BRASÍLIA —  A maioria dos ministros do Supremo Tribunal Federal (STF) votou para liberar o compartilhamento de dados de órgãos de controle com o Ministério Público ( MP ) e a polícia, mesmo quando não houver decisão judicial. Também foi revogada a decisão liminar dada pelo presidente do STF, ministro Dias Toffoli , que mandava paralisar as investigações baseadas em informações detalhadas repassadas pela Receita Federal e pelo antigo Coaf , hoje rebatizado de Unidade de Inteligência Financeira ( UIF ). Com isso, a Corte abre caminho para a retomada dos processos contra o senador Flávio Bolsonaro (sem partido-RJ), filho do presidente Jair Bolsonaro .

Entenda : o que está em jogo no julgamento no STF sobre dados da Receita e do Coaf?

Os limites exatos da decisão — a chamada tese —ainda não foram definidos. Isso ficará para a próxima quarta-feira. Mas, em linhas gerais, a maioria dos ministros é favorável a um amplo compartilhamento de dados tanto da Receita como do Coaf, sem restrições significativas. Entre as obrigações que deverão ser seguidas é a necessidade de o MP preservar o sigilo das informações que receber.

Dos 11 ministros, nove não restringiram o compartilhamento por parte da Receita. Entre eles está Toffoli, que inicialmente restringia. Depois, segundo sua assessoria, alterou o voto para se alinhar à maioria. Durante a sessão, porém, ao afirmar que mantinha as ressalvas de seu voto, ele não deixou claro que estava fazendo essa mudança.

A maioria foi formada com o voto da ministra Cármen Lúcia , a primeira a se manifestar na sessão desta quinta-feira. Apenas os ministros Marco Aurélio Mello e Celso de Mello votaram para impôr restrições à Receita.

Leia : Especialistas divergem sobre uso de dados sigilosos

Com base na liminar dada por Toffoli em julho, que dizia respeito a todas as investigações baseadas em informações compartilhadas pelos órgãos de controle, o ministro Gilmar Mendes deu outra decisão, em setembro, suspendendo especificamente os processos de Flávio Bolsonaro. Assim, com a derrubada da liminar do presidente do STF, a consequência natural é que a decisão de Gilmar também caia. Ainda há incerteza sobre como isso se dará. Uma possibilidade é que ocorra de forma automática. A outra é que seja necessário um despacho de Gilmar.

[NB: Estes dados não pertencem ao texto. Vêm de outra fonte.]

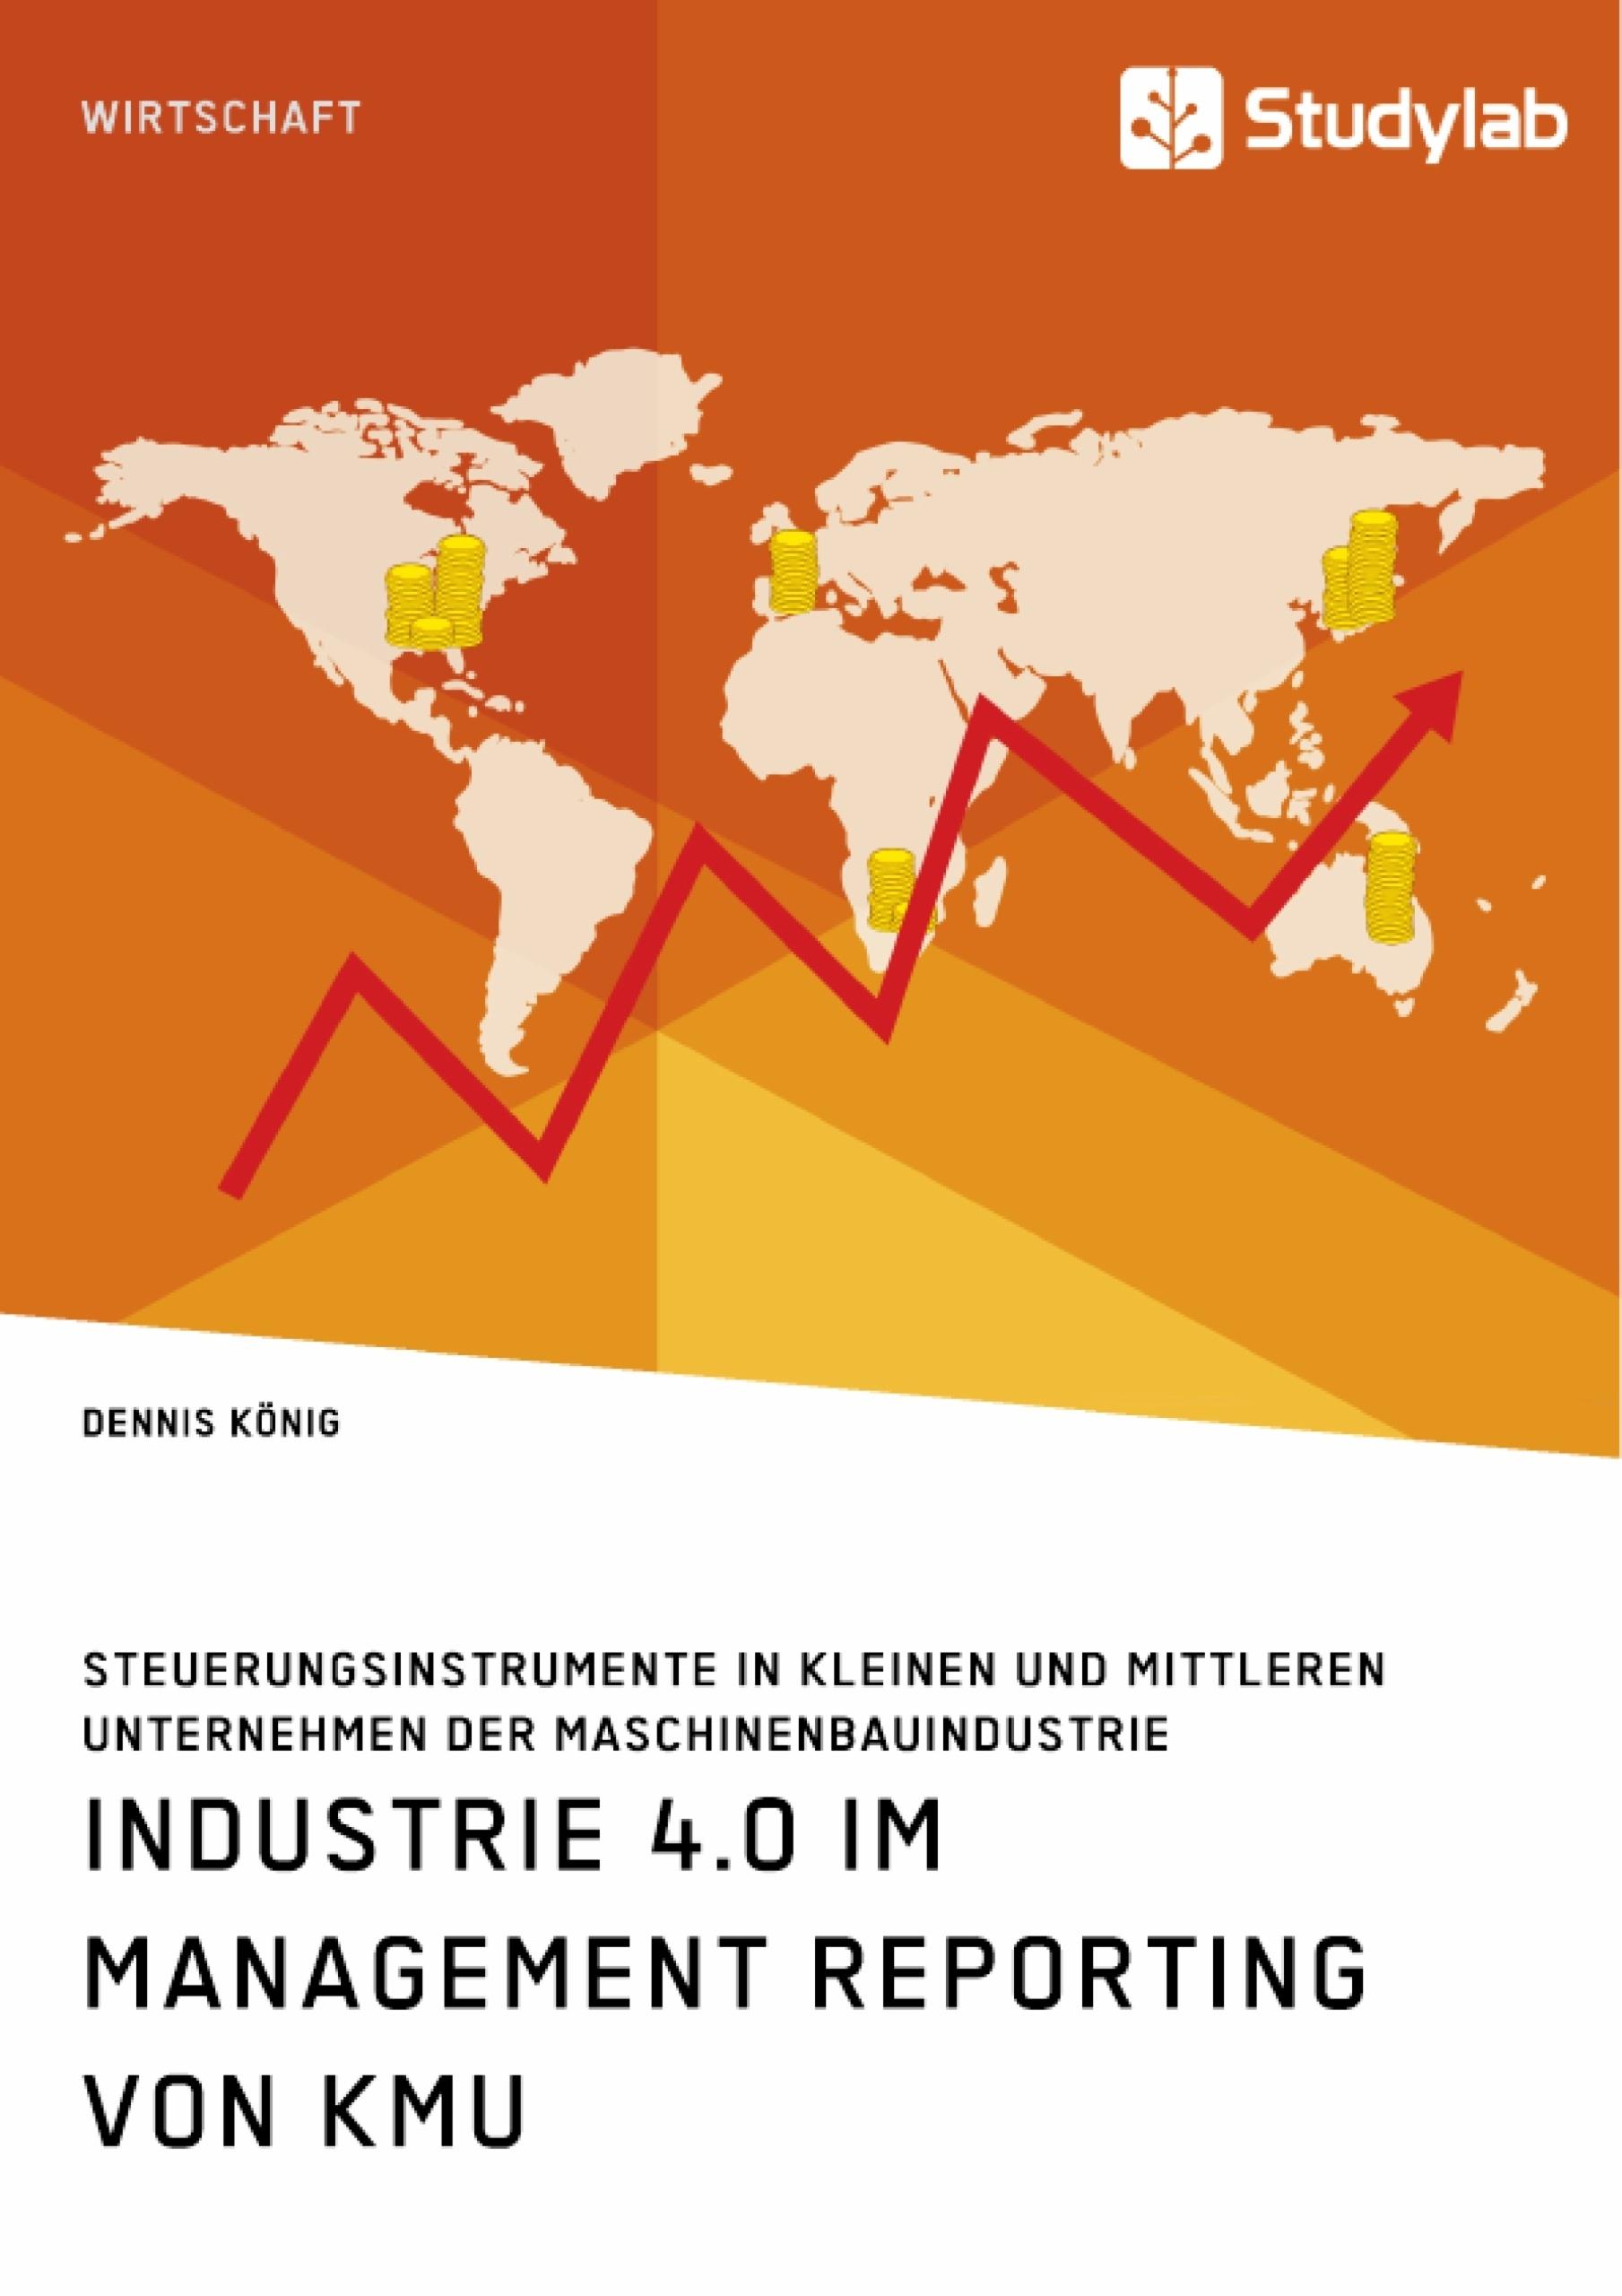 Titel: Industrie 4.0 im Management Reporting von KMU. Steuerungsinstrumente in kleinen und mittleren Unternehmen der Maschinenbauindustrie

Alguns ministros disseram ser contra discutir o compartilhamento de dados do antigo Coaf nesse julgamento. Isso porque o processo dizia inicialmente respeito apenas à Receita. O Coaf foi incluído graças à decisão de Toffoli em resposta ao pedido de Flávio. No fim da sessão desta quinta-feira, o presidente do STF entendeu que os ministros que querem excluir o órgão ficaram vencidos. Assim, a tese vai incluir as regras para o compartilhamento de dados do Coaf. Se ficassem de fora, isso também significaria na prática a retomada de investigações baseadas em dados repassados pelo órgão

Ao longo do julgamento, os ministros Dias Toffoli e Gilmar Mendes, embora sem impedir o compartilhamento de dados detalhados do antigo Coaf, também fizeram algumas ressalvas à atuação do MP. Os outros ministros não chegaram a abordar isso, o que pode vir a ocorrer durante a discussão da tese. Assim, eventuais restrições — que poderão ter impacto em casos específicos, como o de Flávio — ainda poderão ser tema de debate no STF.

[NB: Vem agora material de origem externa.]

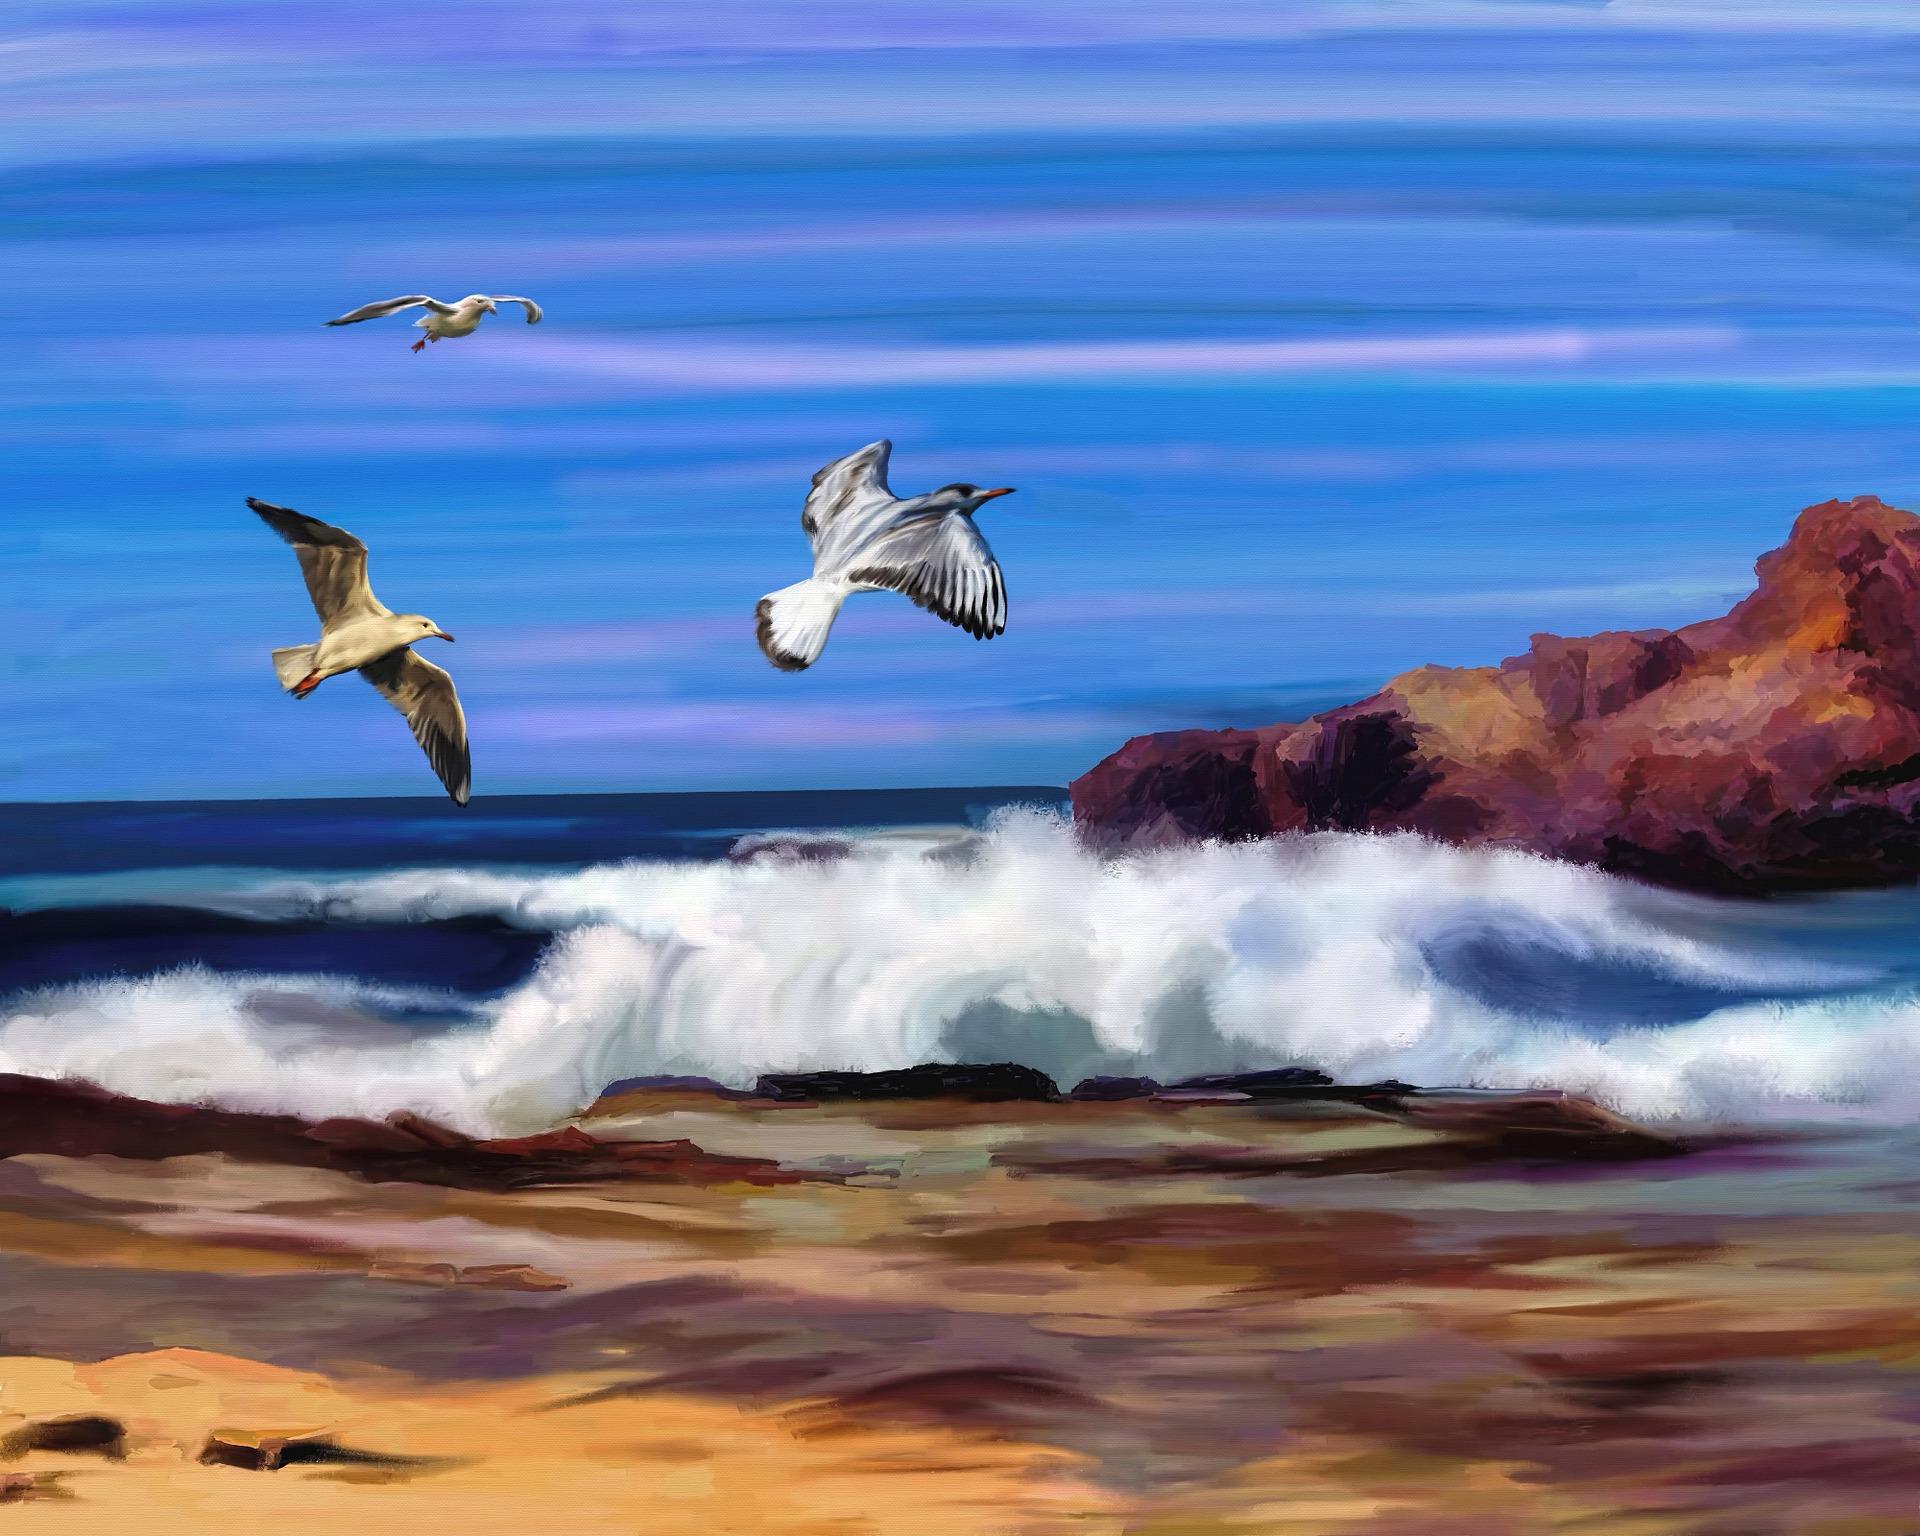 Beleggen in kunst oceaan

Por que o julgamento ainda está em aberto?

Porque os ministros ainda não votaram a tese. O recurso julgado nesta quinta-feira é do tipo que tem "repercussão geral". Ou seja, a decisão tomada deverá ser aplicada por juízes de todo o país em processos sobre o mesmo assunto. Nesses casos, o julgamento tem duas fases: a resolução do caso concreto (que originou o julgamento) e a tese que deverá ser aplicada aos outros casos semelhantes.

Nesta quinta-feira, os ministros votaram apenas sobre o caso concreto, ou seja: eles deferiram o recurso do Ministério Público Federal que defendia a legalidade do repasse de informações entre a Receita Federal e o MP. A tese, que é o que irá definir, por exemplo, se esse compartilhamento poderá ser ampliado ao Coaf, ainda não foi votada. Só após a votação da tese é que será possível afirmar, com precisão, como poderá ser feito o compartilhamento de dados entre órgãos de controle como o Coaf e o MP.

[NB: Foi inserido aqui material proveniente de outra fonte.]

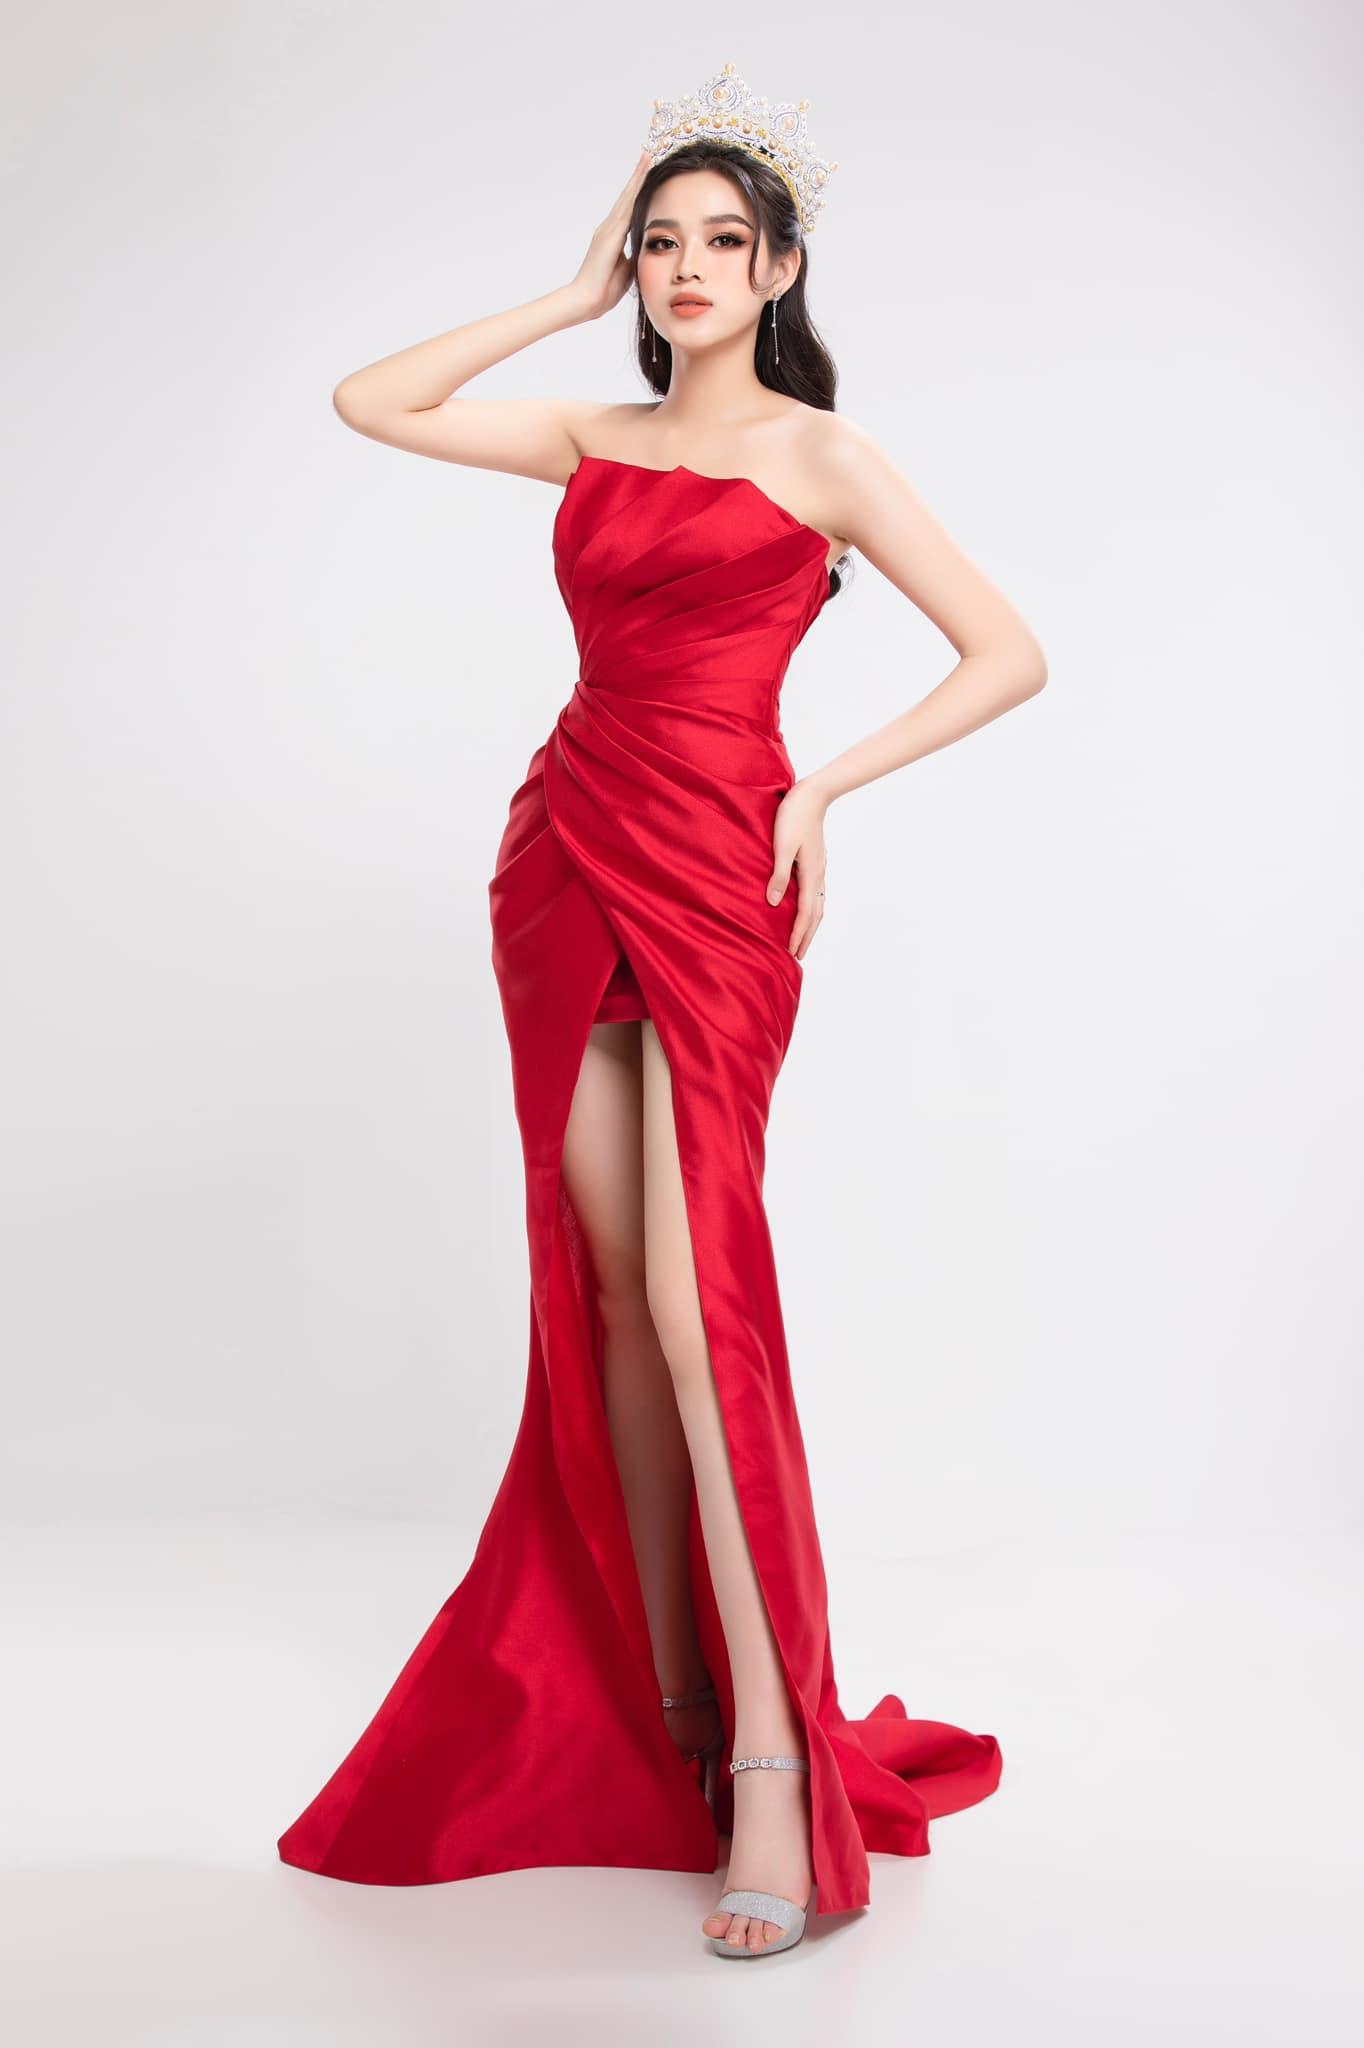 Nhiều người khen ngợi sự tiến bộ của Đỗ Thị Hà so với các bộ ảnh gần đây. Khoác lên mình chiếc váy high low tôn đôi chân 1,11 m, Đỗ Thị Hà khoe được vóc dáng và thần thái thăng hạng. Các khán giả nhận xét, những chiếc váy đỏ rất phù hợp với vẻ đẹp của Hoa hậu Việt Nam 2020.

O que acontece com Flávio Bolsonaro

Com a revogação da liminar de Toffoli, o caminho fica aberto para a retomada das investigações contra o senador Flávio Bolsonaro (sem partido-RJ), conduzidas pelo MP do Rio de Janeiro. Ele é alvo de uma investigação pela suposta prática de "rachadinha". O MP apura se servidores do seu gabinete quando ele era deputado estadual no Rio de Janeiro devolviam, ilegalmente, parte de seus salários.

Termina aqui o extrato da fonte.